Chimbuko Tembo, associate director of the African American Cultural Center in South L.A., said “Worldwide, we don’t know how many people celebrate it, but USA Today did a report maybe a decade ago that estimated 20 million people. Our estimate is 20-30 million people, predominantly in this country.”

That figure would represent a large portion of the roughly 42.2 million African Americans in the U.S. as of July 2014.

“The holiday is growing,” Tembo added. “A ‘sister’ in Brussels, [Belgium] is in her fifth year of organizing Kwa-nzaa activities among continental Africans from all over Europe. We have celebrants in France, and it is really growing in Suriname (South America). Kwanzaa will be 50 in 2016, so we are really excited and looking forward to starting to make plans in terms of really extending the outreach internationally.

“Kwanzaa continues to build links between us and Africans everywhere. This time of the year people more than any other time, embrace their African-ness, even more so than during Black History Month, which doesn’t have the international or global aspect,” she said.

Gary Easely “congratulates Dr. Karenga for coming up with cultural awareness that gives somebody a sense of wellness and family,” but the instructor at L.A. Southwest College and a director for Operation 3801 Drug Addiction Resource Agency asks: “Is Kwanzaa effective? Do we have the ability to embrace it?”

To Easely, the answer to both questions is no.

“In urban areas in L.A., poor people do not celebrate Kwanzaa,” Easely said. “I know the average person in the urban community is just trying to pay bills.

“I think you probably get a lot more camaraderie or participation out of the middle and upper classes.

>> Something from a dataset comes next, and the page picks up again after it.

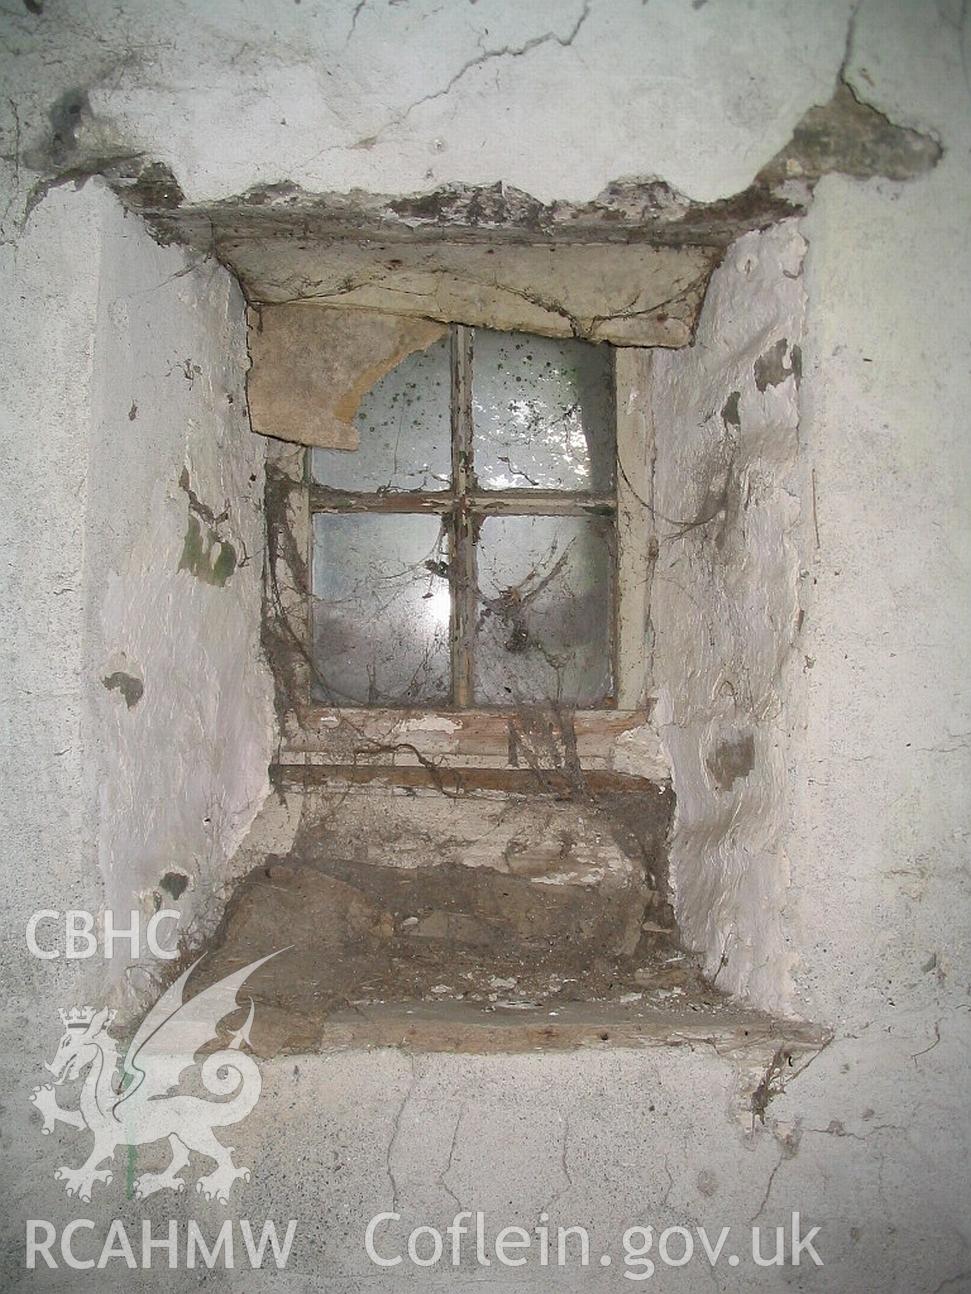 Dwelling end of Allt Ddu farmhouse, internal window detail.

They are comfortable to a degree so they can get the candles and embrace it, and enjoy it.

“Working-class people are too busy just trying to keep a roof over their heads. That really takes away from the essence, the feeling and spirit of unity, togetherness and love. It is real hard from one week to the next, one pay check to the next. It is always a struggle.

“Kwanzaa is relevant to the better qualities of the human spirit and awareness. It’s a great cultural experience, but is it real down here on the firing line? No. It is not something you can touch, feel and embrace,” Easley added.

Each year, Corliss Bennett-Mc-Bride, director of USC’s Center for Black Cultural and Student Affairs, decorates the center with the Kwanzaa colors, banner and the Kinara, or candelabra, from Dec. 26 to Jan. 1.

“But we have not had our usual pre-Kwanzaa celebration for about a decade,” Bennett-McBride said. “It used to be well-attended, but USC is on the semester system, which ends in early December.”

In other words, at USC everyone has gone home for the holidays.

“Kwanzaa is still relevant,” Bennett-McBride added. “The center represents the 40 African American organizations on campus. None of the individual clubs hold Kwanzaa celebrations, but separate offices, staff and faculty may have their own celebrations and decorations.”

The DuSable Museum will be among several institutions that will observe the Kwanzaa holiday with several events. A candle lighting ceremony to observe Umoja will be held at 1:30 p.m. in the museum’s Ames Auditorium on Friday, December 26.